Bitcoin has enjoyed new fame over the past year as large companies’ adoption of cryptocurrencies has sent prices surging. Companies including Tesla, MicroStrategy, and Square have all invested in the token. Meanwhile, players in the financial sector are warming to cryptocurrencies’ use as an alternative asset.

The positive developments helped bitcoin surge as high as $61,742 earlier this month as more investors looked to profit on the token’s growing popularity.

Powell has his doubts about cryptocurrencies and their supposed use cases. The tokens might be a substitute for gold, but their wild price swings make them unfit to replace the dollar, the central bank chief said during a teleconference hosted by the Bank of International Settlements.

“Crypto assets are highly volatile – see bitcoin – and therefore not really useful as a store of value,” Powell said, according to MarketWatch. “They’re not backed by anything. They’re more of an asset for speculation.”

Bitcoin fell slightly through the day following Powell’s remarks. The cryptocurrency traded just above $57,000 as of 2:30 p.m. ET, up roughly 98% year-to-date.

While cryptocurrencies aren’t likely to gain the Fed’s favor, the central bank has considered creating a digital currency of its own. The Fed partnered with MIT researchers in August to build and test a central bank digital currency. Officials sought to gain a better understanding of digital currencies and their potential implementation through the tests, Fed Governor Lael Brainard said at the time. Still, the token included in the study was merely “hypothetical,” she added.

Powell reiterated that, though the bank is still studying the potential for a digital dollar, serious vetting is necessary before such a currency is implemented.

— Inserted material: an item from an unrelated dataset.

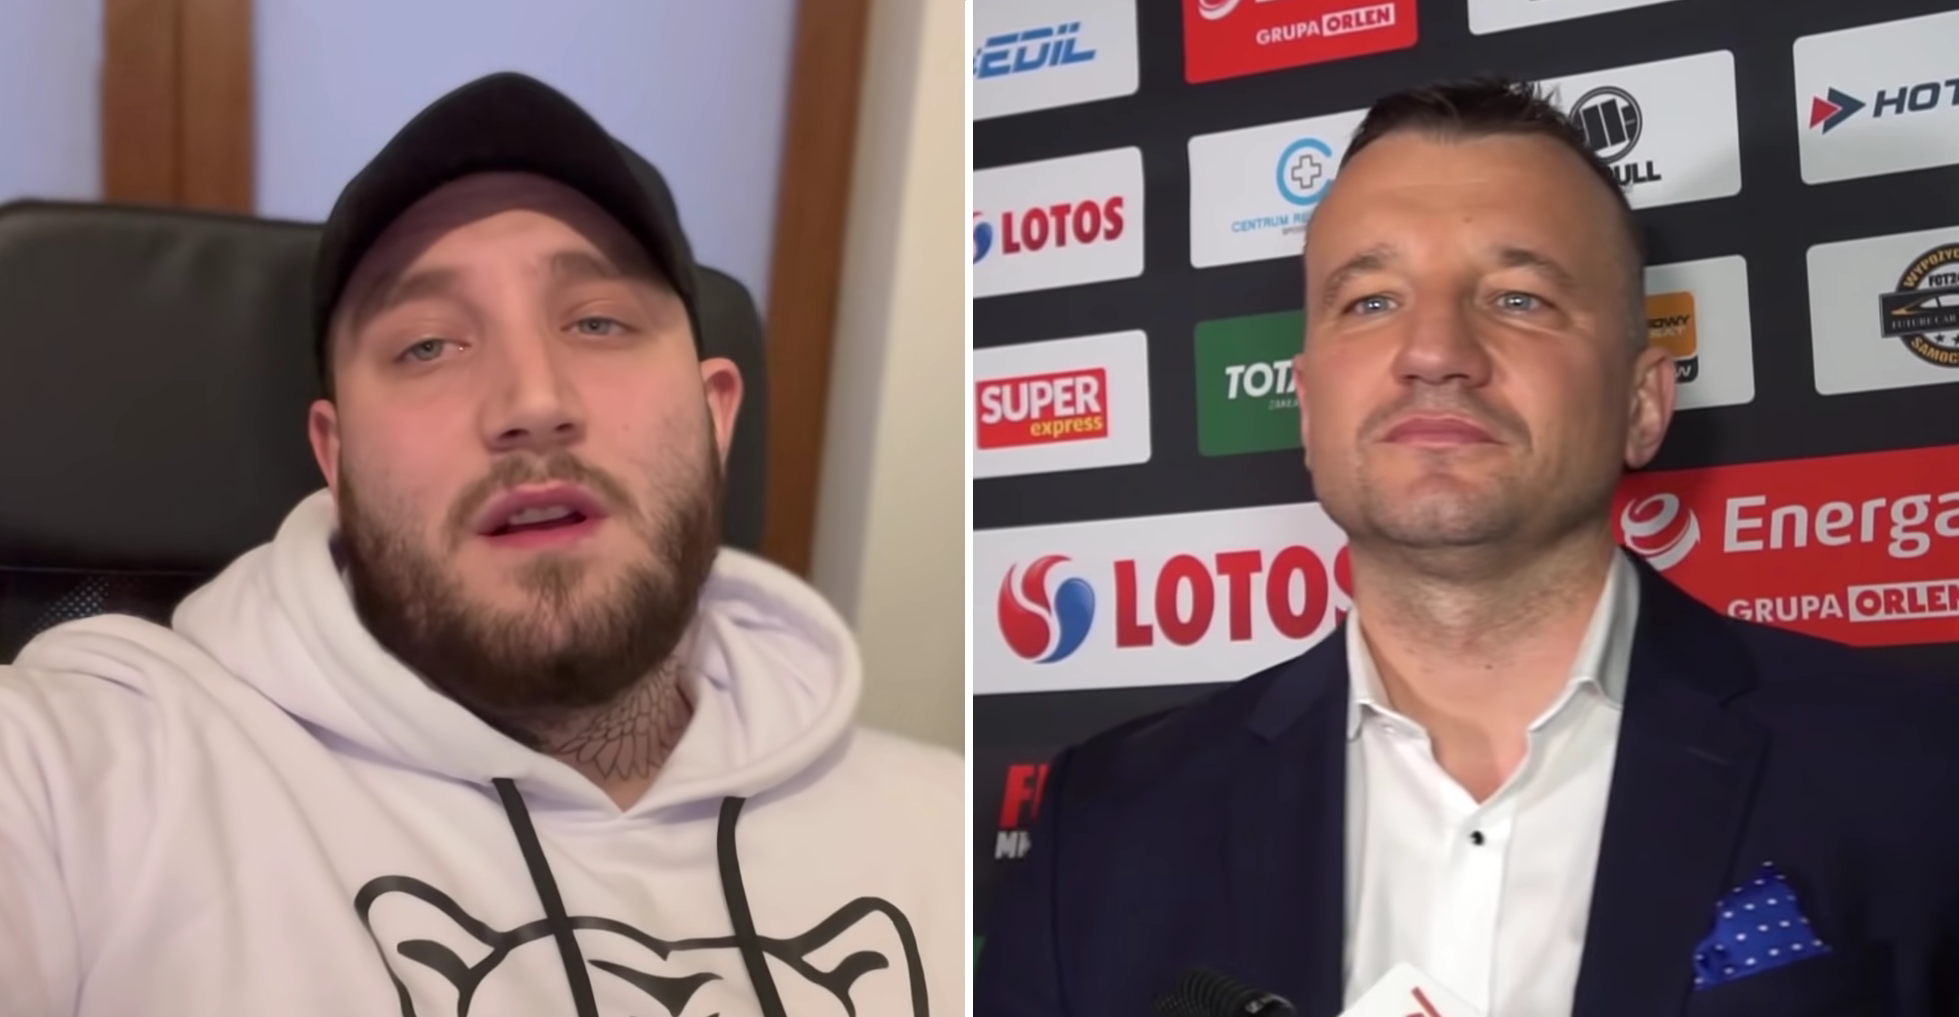 (VIDEO) Paweł Jóźwiak o konflikcie z Boxdelem: "Dostał przykaz od szefów, żeby mnie zaatakować, bo..."

“To move forward on this, we would need buy-in from Congress, from the administration, from broad elements of the public, and we haven’t really begun the job of that public engagement,” the Fed chair said. “Because we’re the world’s principal reserve currency, we don’t need to rush this project. We don’t [need] to be first to market.”

Somewhere between a central bank digital currency and cryptocurrencies exist stable coins. These tokens counter the volatility seen with cryptocurrencies by tying their value to more stable assets like government-issued currencies.

Stable coins are “an improvement” over cryptocurrencies and “may have a role to play” in digitizing the dollar, but they’re unlikely to form the foundation for a global payment system, Powell said. Any candidate for a global currency controlled by a private company deserves “the highest level of regulatory expectations,” he added.